Under our Revolving Credit Agreement, covenants include restrictions on liens, a maximum debt to earnings ratio, a minimum fixed charge coverage ratio and a change of control provision that may require acceleration of the repayment obligations under certain circumstances.
As of November 19, 2022, we had no outstanding borrowings and $1.8 million of outstanding letters of credit under our Revolving Credit Agreement.

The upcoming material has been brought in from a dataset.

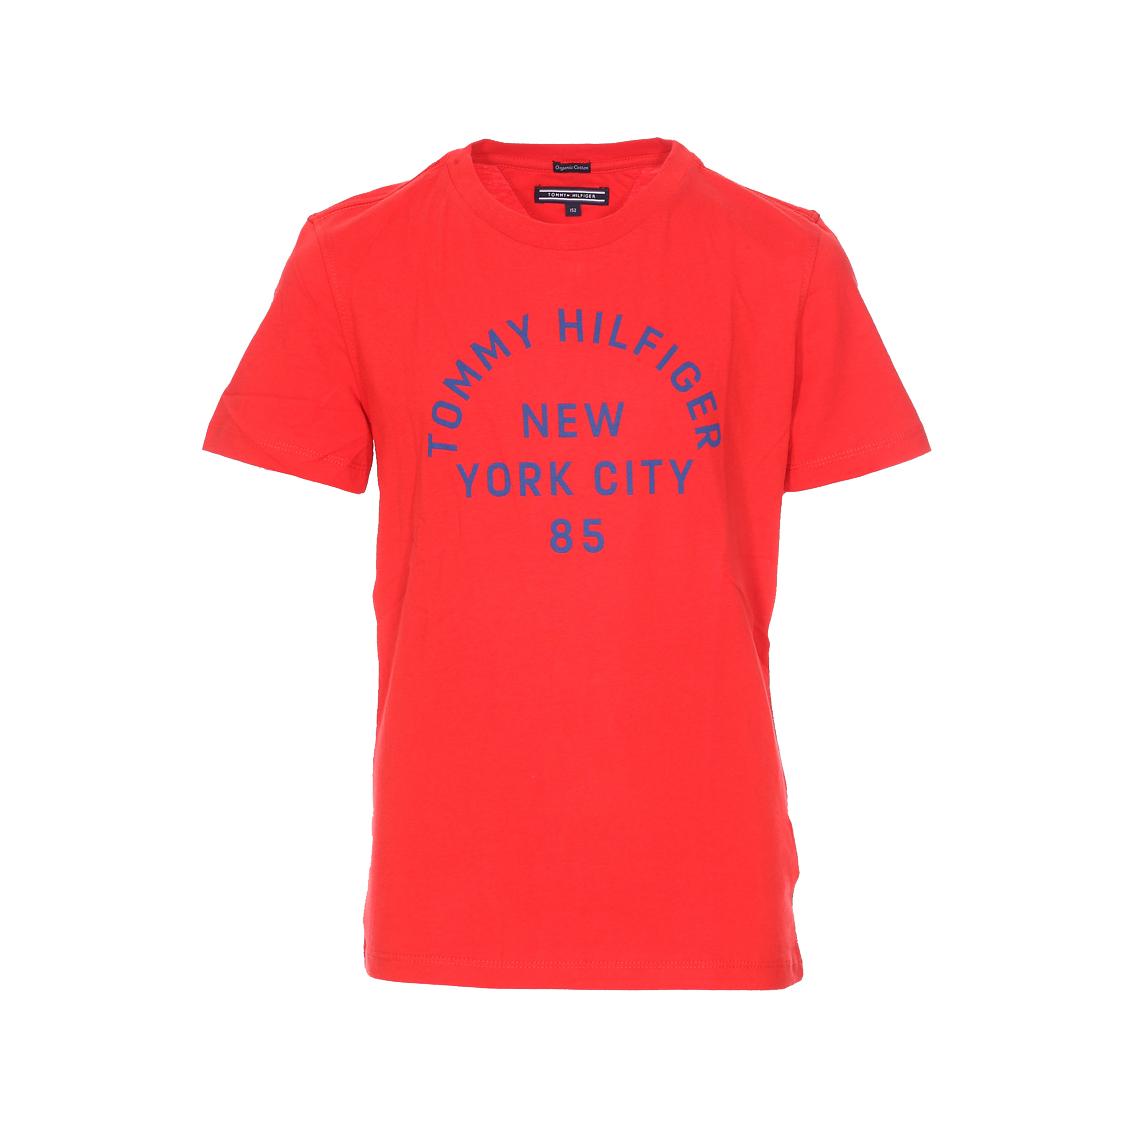 Tee-shirt col rond  ame bright graphic en coton biologique rouge floqué

We also maintain a letter of credit facility that allows us to request the participating bank to issue letters of credit on our behalf up to an aggregate amount of $25 million. The letter of credit facility is in addition to the letters of credit that may be issued under the Revolving Credit Agreement. As of November 19, 2022, we had $25.0 million in letters of credit outstanding under the letter of credit facility, which expires in June 2025.

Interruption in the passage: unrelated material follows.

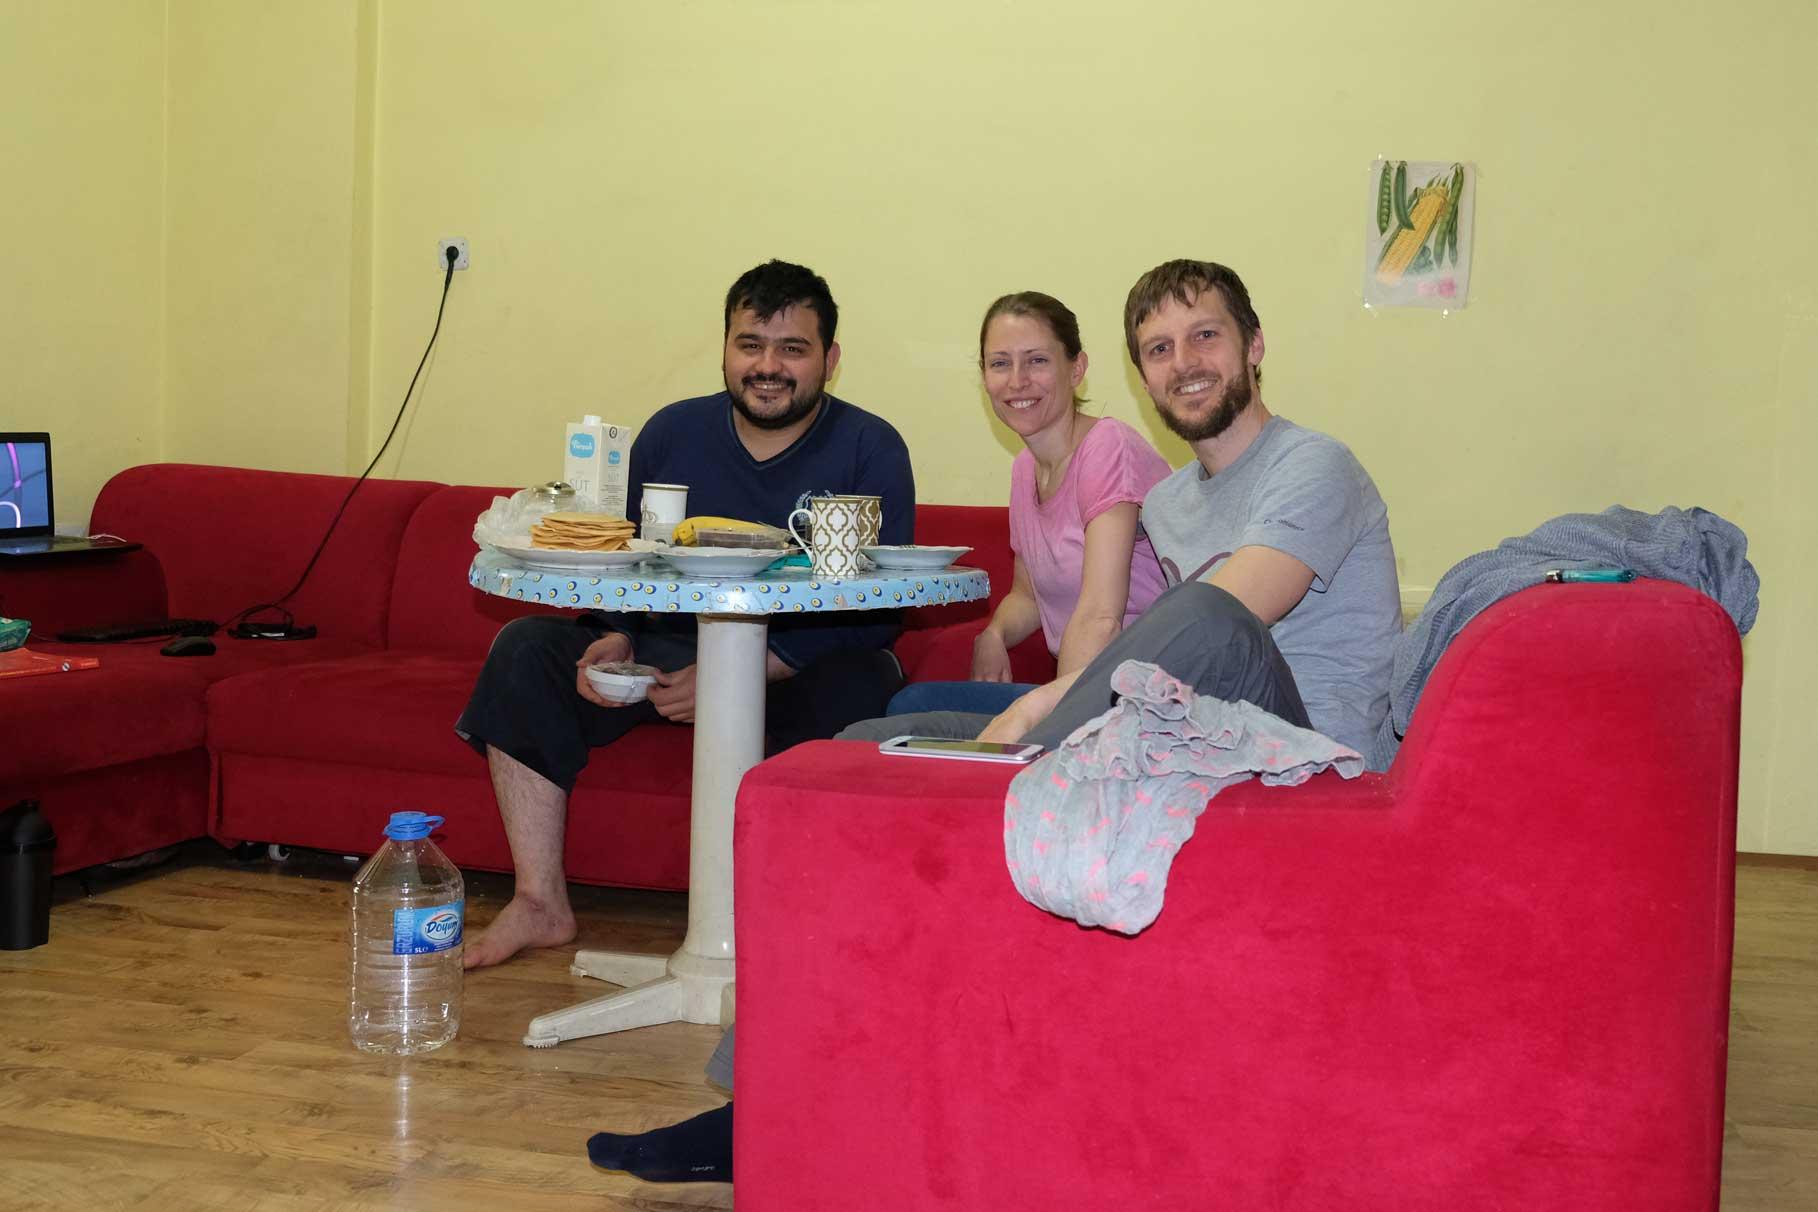 Unser Abschiedsfrühstück - endlich mal Pfannkuchen! - mit unserem Gastgeber Refik

In addition to the outstanding letters of credit issued under the committed facilities discussed above, we had $107.2 million in letters of credit outstanding as of November 19, 2022. These letters of credit have various maturity dates and were issued on an uncommitted basis.
As of November 19, 2022, the commercial paper borrowings, the $300 million 2.875% Senior Notes due January 2023 and the $500 million 3.125% Senior Notes due July 2023 were classified as long-term in the Consolidated Balance Sheets, as we have the current ability and intent to refinance them on a long-term basis through available capacity in our Revolving Credit Agreement. As of November 19, 2022, we had $2.2 billion of availability under our Revolving Credit Agreement, without giving effect to commercial paper borrowings, which would allow us to replace these short-term obligations with a long-term financing facility.
The Senior Notes contain a provision that repayment may be accelerated if we experience a change in control (as defined in the agreements). The Company’s borrowings under our Senior Notes contain minimal covenants, primarily restrictions on liens. All of the repayment obligations under its borrowing arrangements may be accelerated and come due prior to the applicable scheduled payment date if covenants are breached or an event of default occurs. As of November 19, 2022, we were in compliance with all covenants and expect to remain in compliance with all covenants under our borrowing arrangements.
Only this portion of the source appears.